When the caller has finished speaking or the command has timed out, FreeClimb will make a POST request to this URL.

grammarFile

The grammar file to use for speech recognition.

grammarType

The grammar file type to use for speech recognition.

grammarRule

The grammar rule within the specified grammar file to use for speech recognition.

playBeep

Indicates whether a beep should be played just before speech recognition is initiated so that the speaker can start to speak.

prompts

The JSON array of PerCL commands to nest within the GetSpeech command.

noInputTimeoutMs

When recognition is started and there is no speech detected for noInputTimeoutMs milliseconds, the recognizer will terminate the recognition operation.

recognitionTimeoutMs

When playback of prompts ends and there is no match for recognitionTimeoutMs milliseconds, the recognizer will terminate the recognition operation.

confidenceThreshold

Specifies what confidence level is considered a successful match.

sensitivityLevel

The sensitivityLevel attribute allows for filtering out background noise, so it is not mistaken for speech.

speechCompleteTimeoutMs

Specifies the length of silence required following user speech before the speech recognizer finalizes a result.

speechIncompleteTimeoutMs

Specifies the length of silence following user speech after which a recognizer finalizes a result.

privacyMode

Indicates if the response will contain sensitive information which should be hidden.


actionUrl

REQUIRED

Type: absolute URL
Default: null

When the caller has finished speaking or the command has timed out, FreeClimb will make a POST request to this URL. A PerCL response is expected to continue handling the call.

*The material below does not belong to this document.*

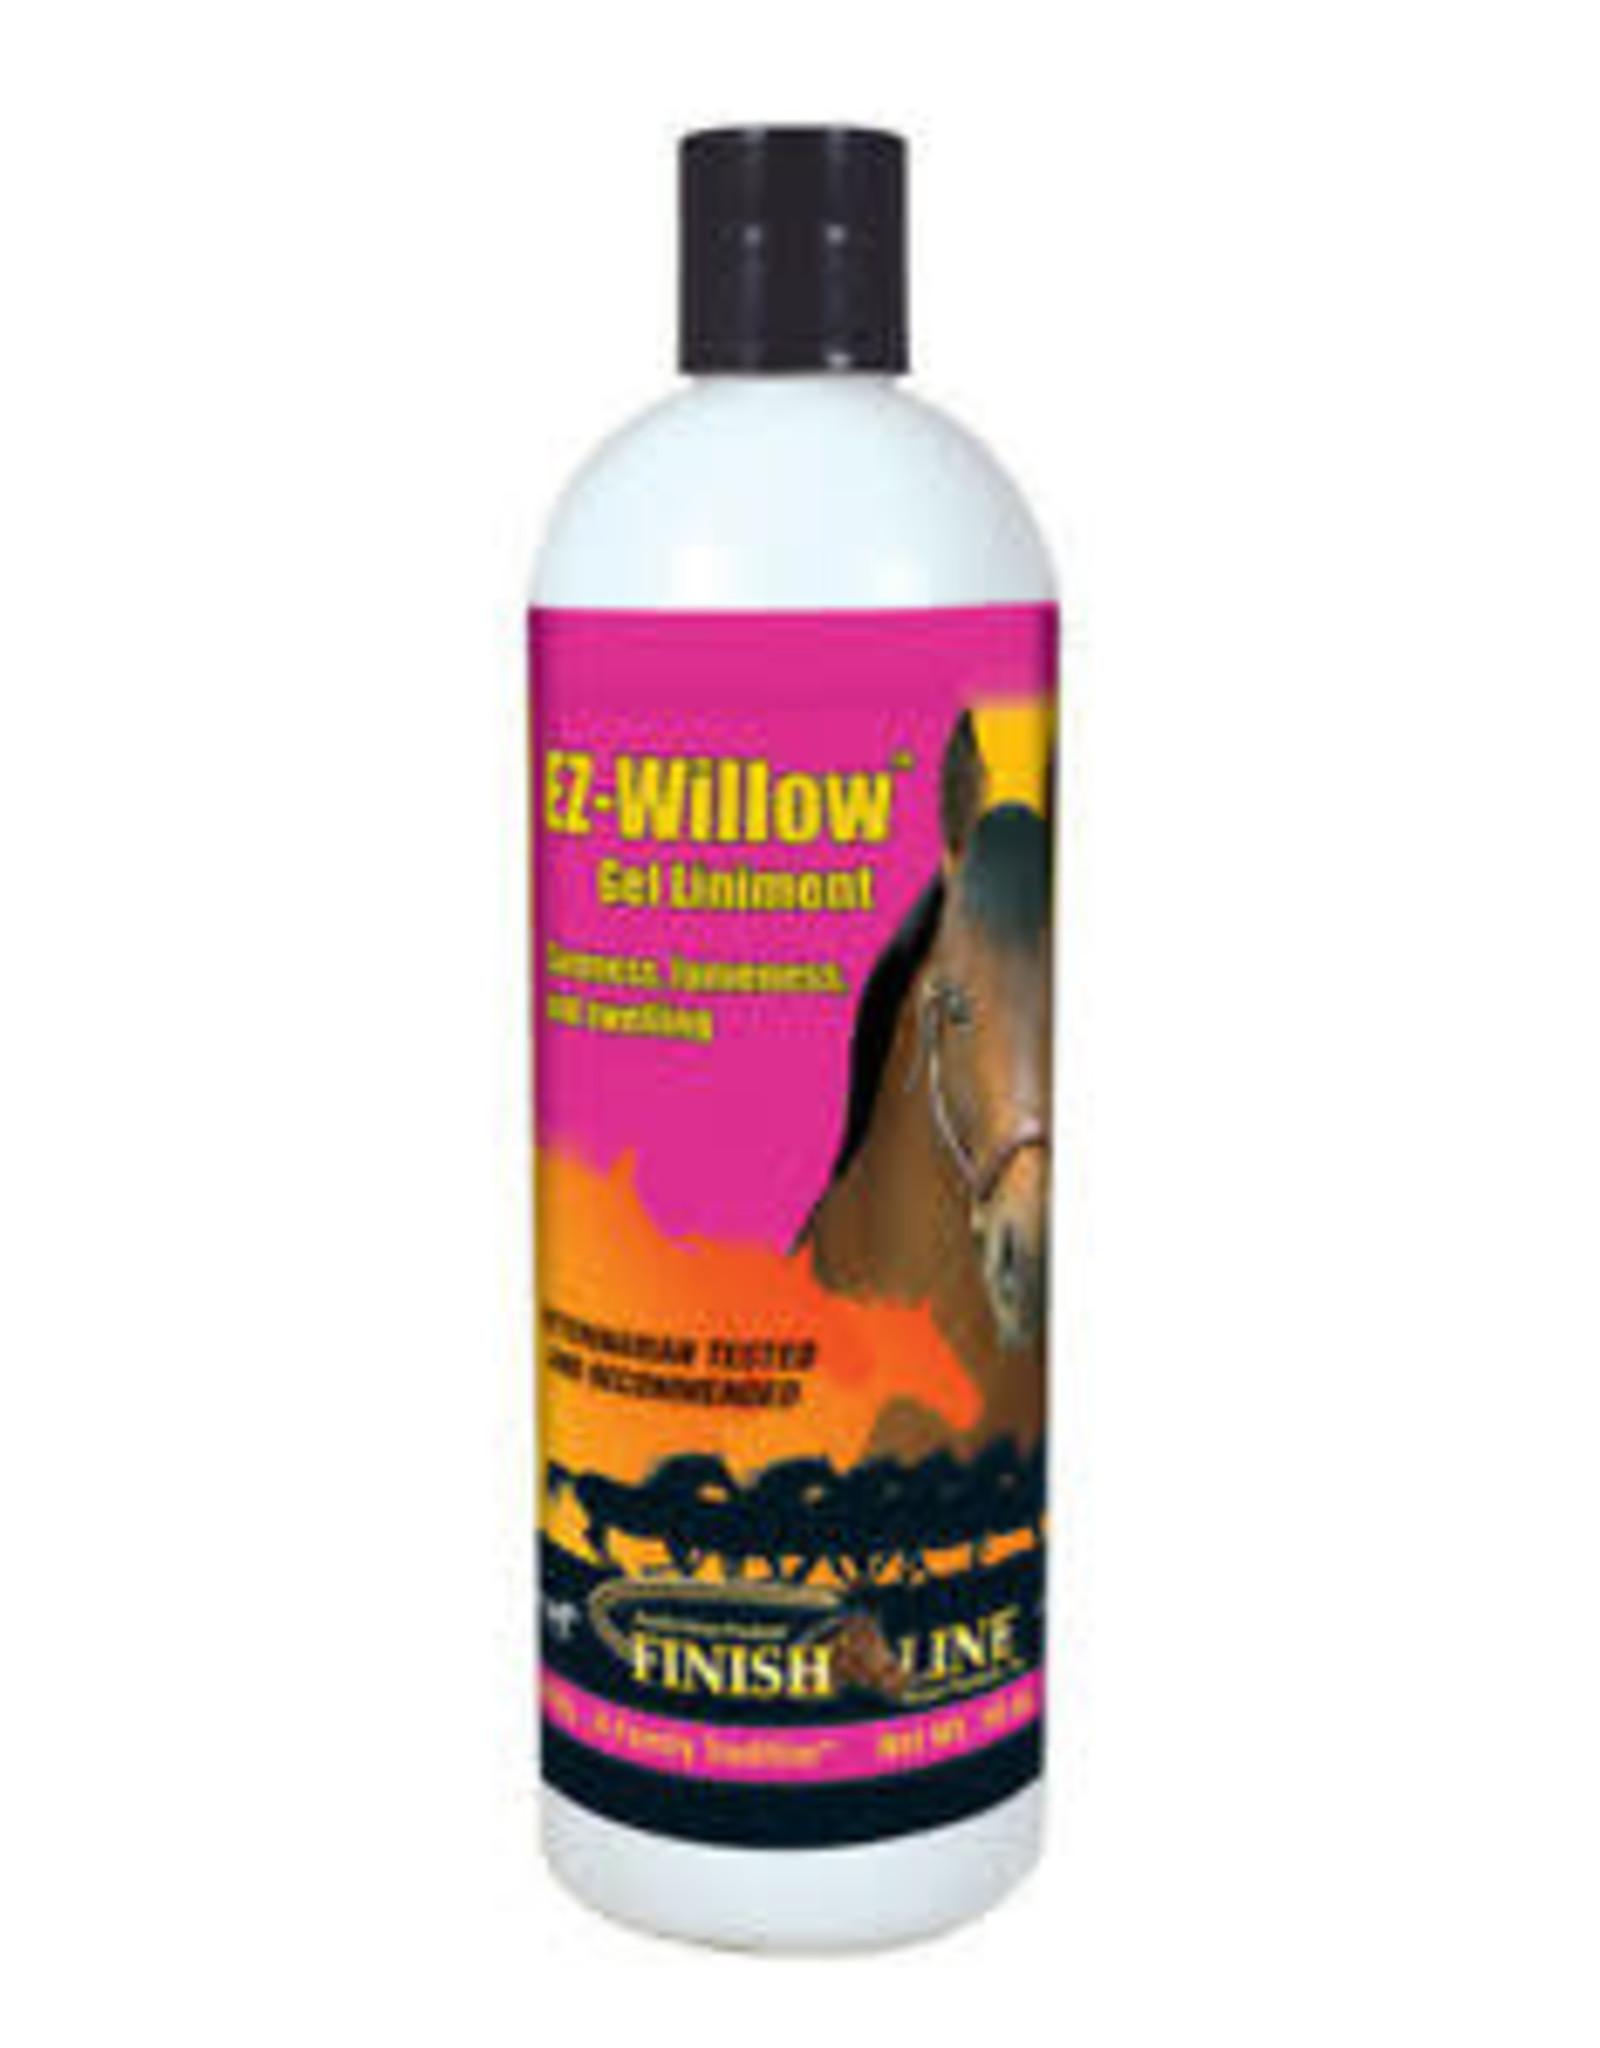 FINISHLINE Finish Line EZ- Willow Gel Lin 16oz

Additional Request Parameters

Request Parameters

Description

`reason`

This field explains how the GetSpeech action ended. The value is one of the below.

`recognitionResult`

Semantic content (either a string if speech was recognized or a digit if a digit was input instead of speech) returned from the entry or tag that was recognized within the grammar. This field is populated only if the reason field is set to recognition or digit.

`confidence`

The level of confidence in the obtained result. This is a value in the range 0 to 100 – with 0 being total lack of confidence and 100 being absolute certainty in the recognition. This field is populated only if the reason field is set to recognition.

reason Valid Values

Value

Description

`error`

The speech recognition engine failed to process the request for any reason (e.g. invalid grammar file).

`hangup`

The caller hung up.

`digit`

The caller input a digit during recognition.

`noInput`

An initial timeout occurred.

`noMatch`

There was audio input but it could not be matched with the grammar.

`recognition`

The audio input matched the specified grammar to some degree of confidence.


grammarFile

REQUIRED

Type: absolute URL or
built-in grammar file name
Default: null

The grammar file to use for speech recognition. If grammarType is set to URL, this attribute is specified as a download URL. FreeClimb will respect Cache-Control headers for this file. Use them to limit repeated requests for unchanged grammars. If no Cache-Control header is provided, the file will be cached for 5 seconds by default. Grammar files of type URL must specify the speech language to use; see Supported Languages table below.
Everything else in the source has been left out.